• Dustin E. J. D'Entremont

Worldly Rulers vs Rulers of The World



If I asked you to think of a gentle, honest, and submissive politician, could you? My guess would be no. But even if one did occur to you, I'm sure we could agree they are a rare breed. We all desire those in authority over us to hold our best interest in heart. We all desire them to be honest and genuine, even when no one is looking. This desire is a good one, which I believe exists as a testament to our status as image bearers of God. It is as if something deep within us wants to see the world led by someone strong and self-sacrificing. We are blessed at Covenant Bible Fellowship to have a pastor and denomination who cares deeply for our people. But all too often we get leaders, politicians, bosses, parents, spouses, and clergy with selfish ambition seeking only to glorify themselves.


It is easy to look at those in power over us and criticize them for not living up to the kingship of Jesus. But what we often fail to do is use Scripture as a mirror, allowing it to expose our own shortcomings.

As we continue through the Beatitudes we are met with a statement seen as foolishness to the world. It is this statement we will examine today.


"Blessed are the meek, for they shall inherit the earth." Matthew 5:5


What does this word "meek" mean? It is exactly the ideal we discussed above: a person who is gentle and submissive. Initially one may balk; afterall, we are told many things from childhood which contradict this. "Only the strong survive," and "Life is survival of the fittest," are but a couple of proverbs we continually hear. In turn we seek to be the best in our field, family, and nation at all cost. We insist on our own way or the highway. We trust ourselves above all others and always look out for number one. Our call to have dominion over the earth is corrupted and we seek to have dominion over each other.


But what does this have to do with happiness? Everything. Jesus is telling us that none who seek status, power, and influence by asserting themselves at the cost of those around them will ever achieve what all our hearts long for. And as we have discussed in every post in this series, our hearts long for worshipful communion with God. No amount of empire building (whether work, family, or ministry) can satisfy that need. The proud build up treasures on this earth that will decay, fade, break, and die... never truly obtaining anything. They make idols out of temporary things, chiefly themselves.


Jesus is shining a light on this folly. Not only do those hungry for power in this world die and truly achieve nothing, but the meek -- those humble and submissive servants who follow their Lord and trust in His leadership -- they will be the rulers of this earth in the age to come. Not because they made the perfect plan, executed it flawlessly, and took it for themselves. But because it will be given to them. For the child of God, this world is a shadow of what is to come and what was meant to be.

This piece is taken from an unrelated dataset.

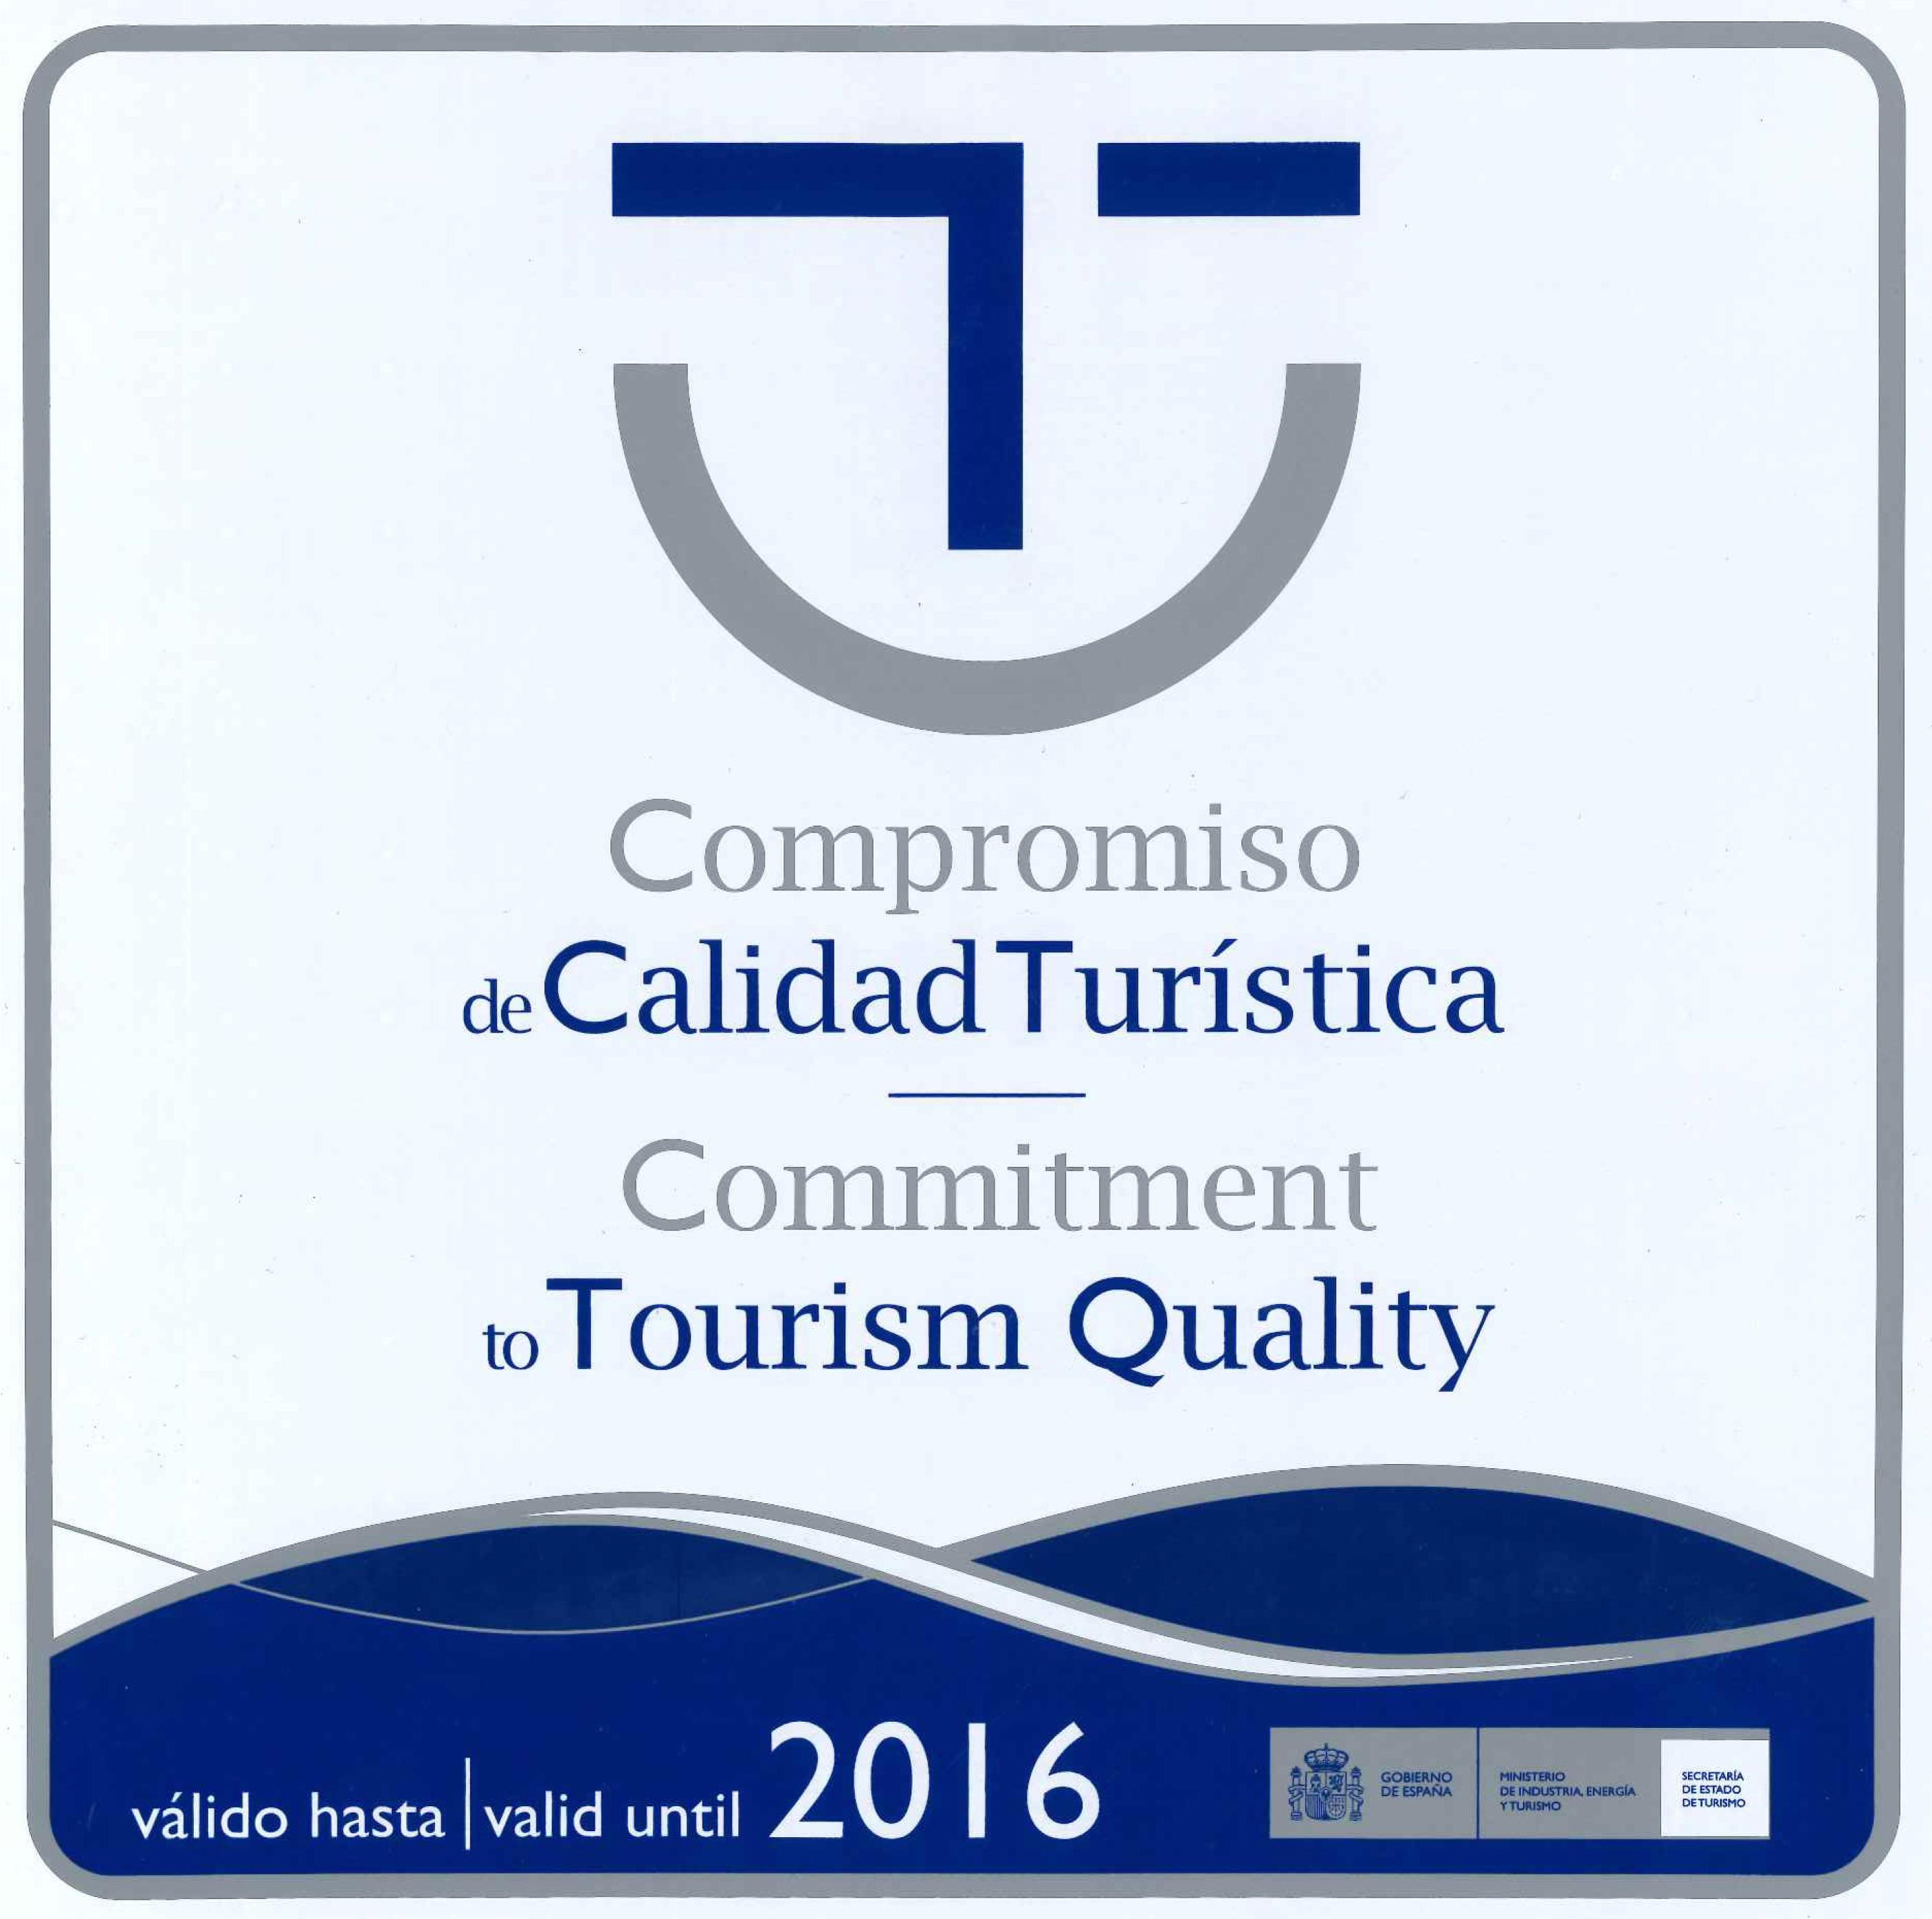 Distintivo de compromiso de calidad turística concedido al Museo

But practically, what does this mean? It means we submit to the Lordship of Christ and gently love our wives, not insisting on our own way, placing their needs above our own. It means wives submit to your husbands in all things as the head of your family. And with our children? We keep our hands holy and with a servant's heart we show them the love of their Creator.

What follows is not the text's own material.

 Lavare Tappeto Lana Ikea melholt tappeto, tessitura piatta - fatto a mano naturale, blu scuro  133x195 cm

It is easy to look at those in power over us and criticize them for not living up to the kingship of Jesus. But what we often fail to do is use Scripture as a mirror, allowing it to expose our own shortcomings. One day, beloved Christian, you will inherit this world in perfection. But until then, we have been called to build the Kingdom of God here and now. This begins with meek leadership in our homes. The result, I think, is a little taste of Heaven on Earth.